Qu'en est-il de nos différences au XXIème siècle ?

Ecrit par Luc Sénécal le 22 septembre 2012. dans Racisme, xénophobie, La une, Actualité, Société

Qu'en est-il de nos différences au XXIème siècle ?

Nous voulons enseigner à notre jeunesse le respect. Mais pour être respectable, encore faut-il respecter.

Le respect de quoi ? Des individus, de la société, des institutions, des croyances et des religions, des différences…

Et la liberté dans tout cela ? La liberté ne se doit-elle pas d’être respectée ? La liberté de la parole, de la presse, des expressions sous quelques formes que cela soit…

Or cette même liberté sous quelque forme que ce soit, ne se doit-elle pas d’être respectable ?

Une maxime s’applique merveilleusement à cela : « La liberté des uns s’arrête là où commence celle des autres ».

Nous viendrait-il naturellement à l’idée de nous attaquer à la famille ou aux croyances d’un ami. Pourquoi le ferions-nous plus encore vis-à-vis d’inconnus ? Sauf à avoir dans un cas comme dans l’autre des visées sous-jacentes.

Pour ce qui concerne le monde arabe, nous pouvons en admirer toute la richesse et la culture qu’il a laissées à l’humanité. Ce qui a été dans le monde un support de civilisation incontestable. Mais nous pouvons tout aussi bien avoir la même admiration pour d’autres religions. Ni plus, ni moins. C’est incontestable. Aussi vouloir les opposer aujourd’hui, en ce début du XXIème siècle, semble un retour à des attitudes moyenâgeuses et cela prouve, hélas, avec quelle lenteur l’Homme dans toute la fragilité de son humanité, évolue.

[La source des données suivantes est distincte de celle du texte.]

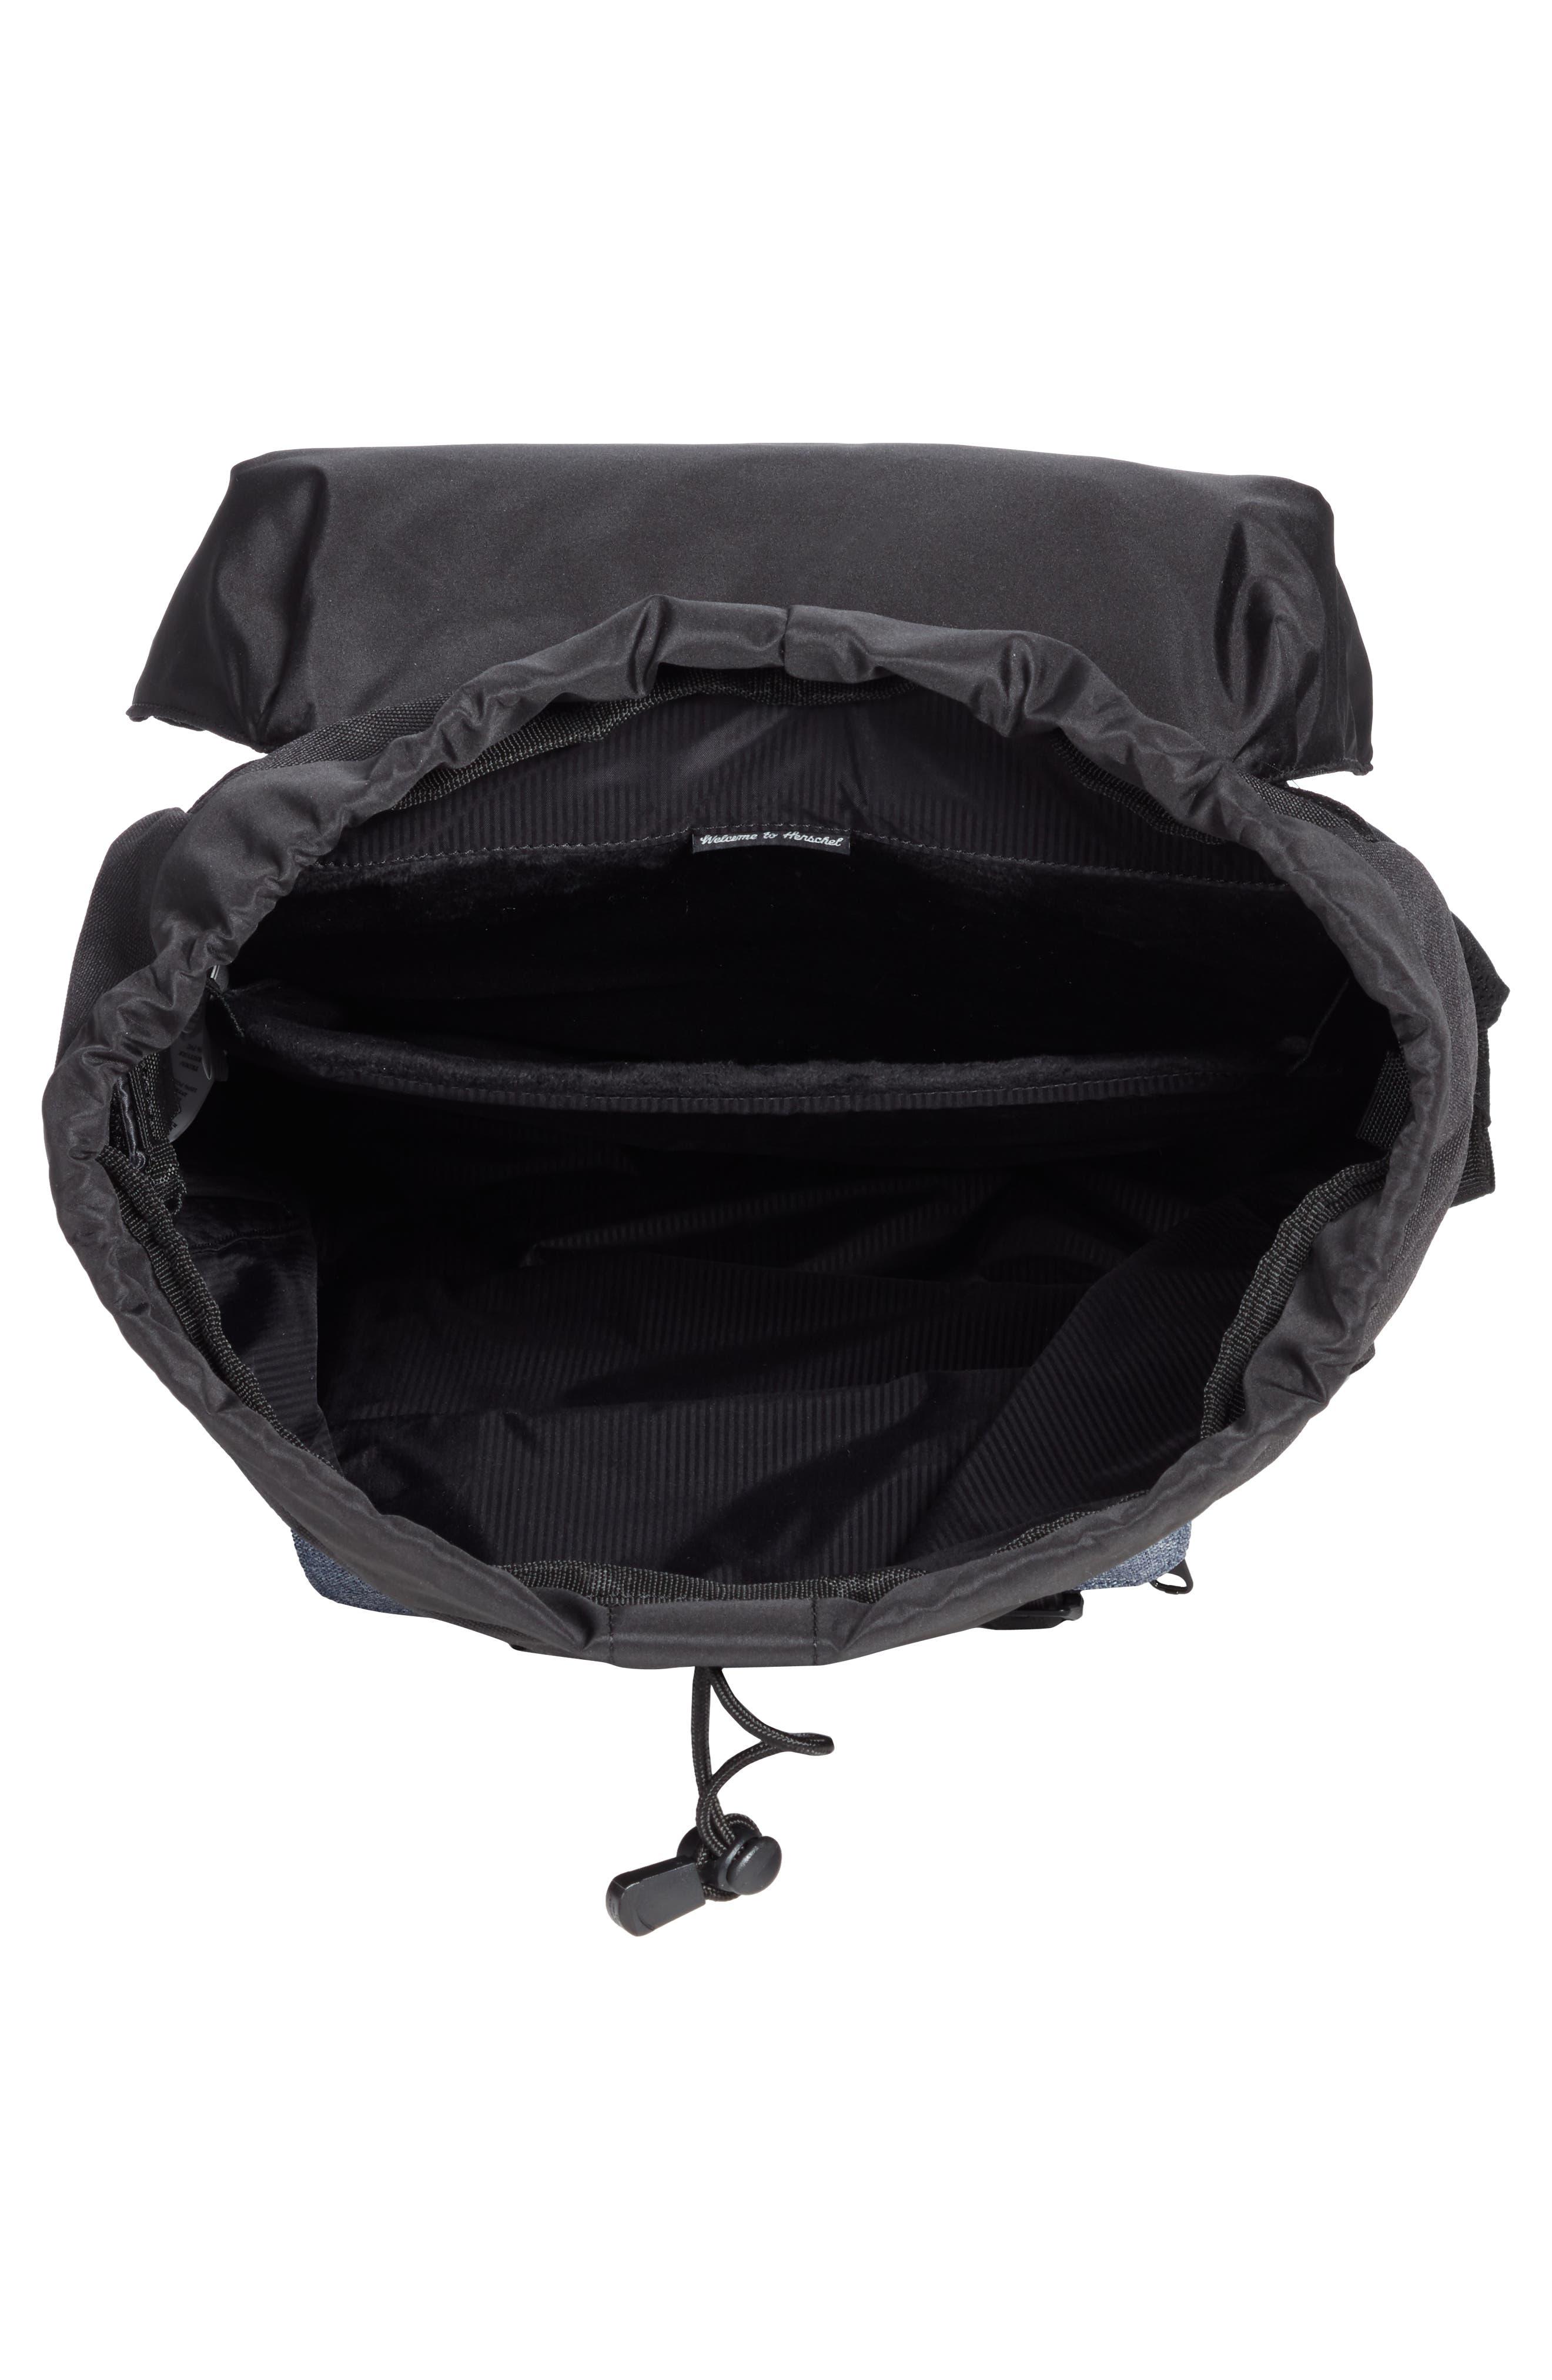 Little America - Chambray Backpack,                             Alternate thumbnail 4, color,                             Black/ Dark Chambray
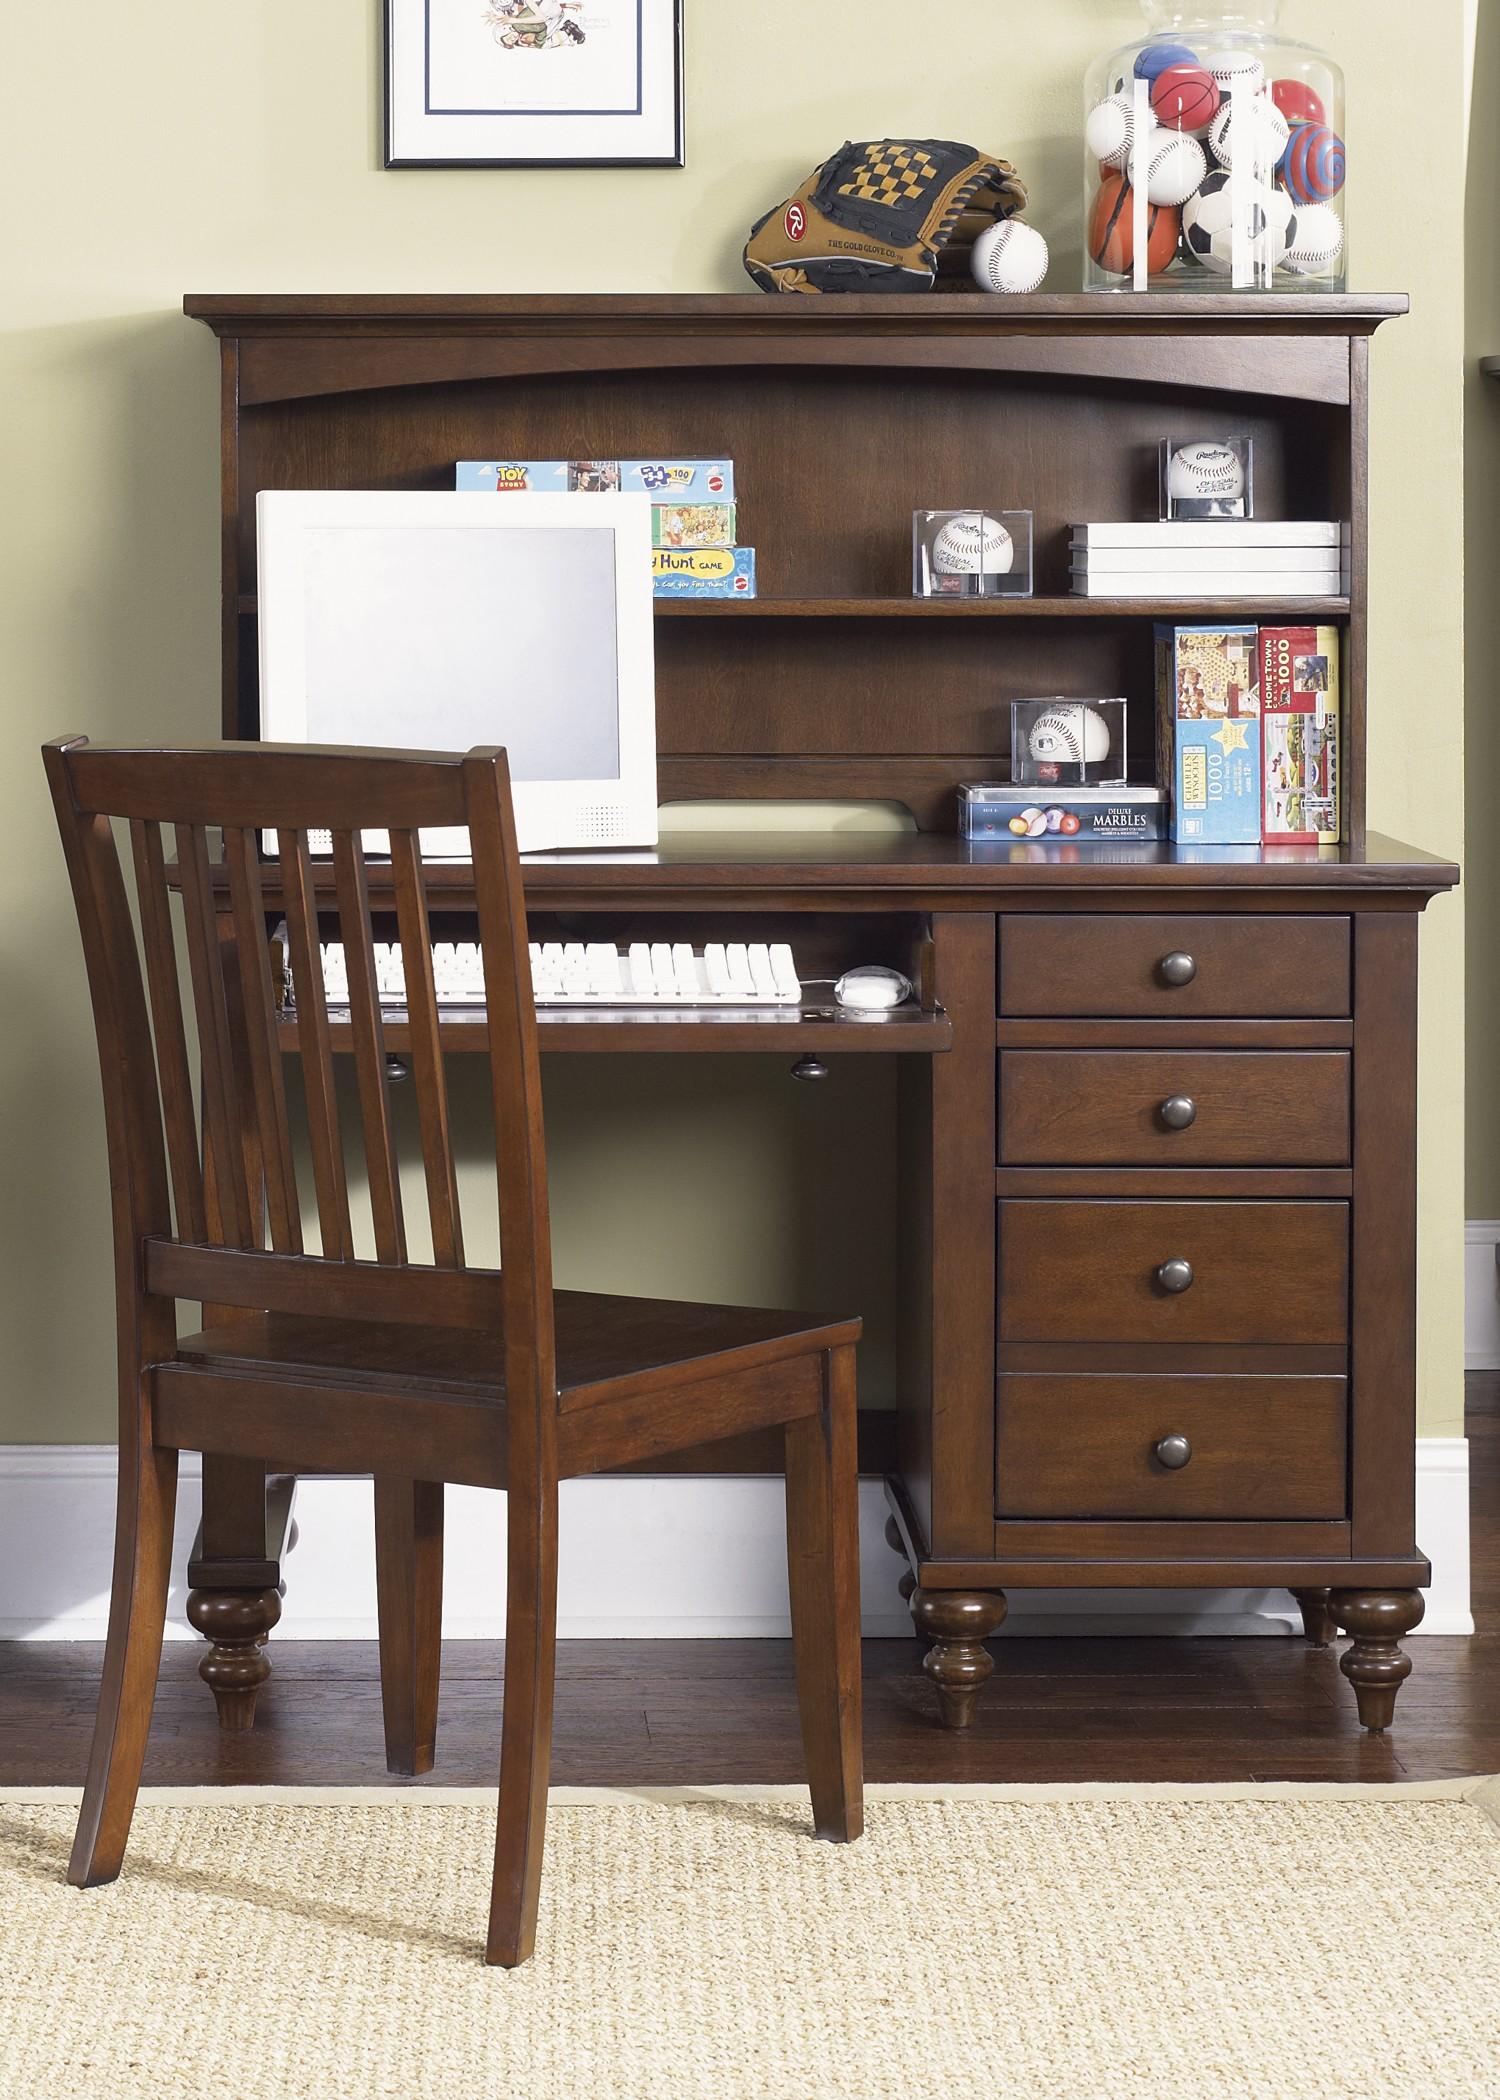 Abbott Ridge Student Desk With Hutch From Liberty 277 Ybr

Ceci dit il y a toujours à découvrir chez les habitants de toutes les régions du globe. Ne serait-ce que pour apprécier, comprendre et intégrer d’autres raisonnements, d’autres priorités, d’autres croyances qu’elles soient religieuses ou non. Gardons-nous cependant de faire des amalgames. L’immigration quand elle prétend imposer une culture dans un pays qui n’est pas la sienne, crée des tensions. La provocation vestimentaire et comportementale en est le support extérieur. Le verbe et le prêche en sont la force de persuasion orale pour ceux qui y sont soumis. Les médias sont désormais utilisés pour parvenir à manipuler les foules, même à leurs dépens. Tout cela est vrai mais n’est qu’une petite partie de la problématique.

Car le monde arabe n’est pas le monde musulman. Les extrémistes arabes ne sont pas forcément musulmans et l’inverse est encore plus vraisemblable. Les extrémistes existent partout. Or quels supports utilisent-ils ? La provocation. La violence. Voire même s’essayer à la terreur. Provocation ou violence non seulement physique mais surtout verbale. Pourquoi ? Pour faire réagir, manipuler, exacerber etc. Donc se mettre au niveau de ces personnages c’est jouer leur jeu. Et je crois que ceux qui ont créé, publié ou vanté par exemple il n’y a pas si longtemps ces caricatures et plus récemment ces vidéos, ont pleinement réussi leur objectif. A savoir utiliser l’outrance des provocations pour organiser ou tout au moins favoriser les troubles dans le monde musulman. Et par conséquent favoriser les réactions d’intolérance également ailleurs.

Quant à la presse et aux médias, il appartient aux lecteurs et aux spectateurs de faire la part de ce qu’il faut retenir de cette leçon. On ne peut demander à tous d’interpréter ce genre de provocation sans faire intervenir sa façon d’apprécier le sujet choisi. Surtout s’il s’agit de croyance. Mais on peut supposer que dans un pays comme le nôtre, une démocratie je le rappelle (pour ceux qui ne se rendent pas compte de ce que cela peut vouloir dire, je leur propose d’aller voir dans d’autres régions du globe…), le fait de pouvoir vivre ensemble tient au respect des uns pour les autres et à la Liberté.

Reste la violence à l’état pur. Les attentats. L’horreur. Les souffrances. La perte d’un être cher. L’ultime provocation, celle perpétrée sur des innocents… Elle ne peut que ressouder une société vis-à-vis de ces ignominies et non en séparer les constituants. Certains s’emploient par des amalgames plutôt évidents, à générer un trouble parmi chaque citoyen, selon ses croyances et ses inimitiés. J’en terminerai donc par ceci : « S’il n’y avait pas des abrutis, il n’y aurait pas de gens intelligents ».

Ne nous laissons pas abuser. Il n’y a pas si longtemps, il y avait une guerre en Europe et pas loin de chez nous. En utilisant les croyances, certains cherchaient à imposer par la force et la violence un pouvoir illégitime. Nous ne pouvons l’avoir oublié. Nous nous devons surtout de ne pas l’oublier.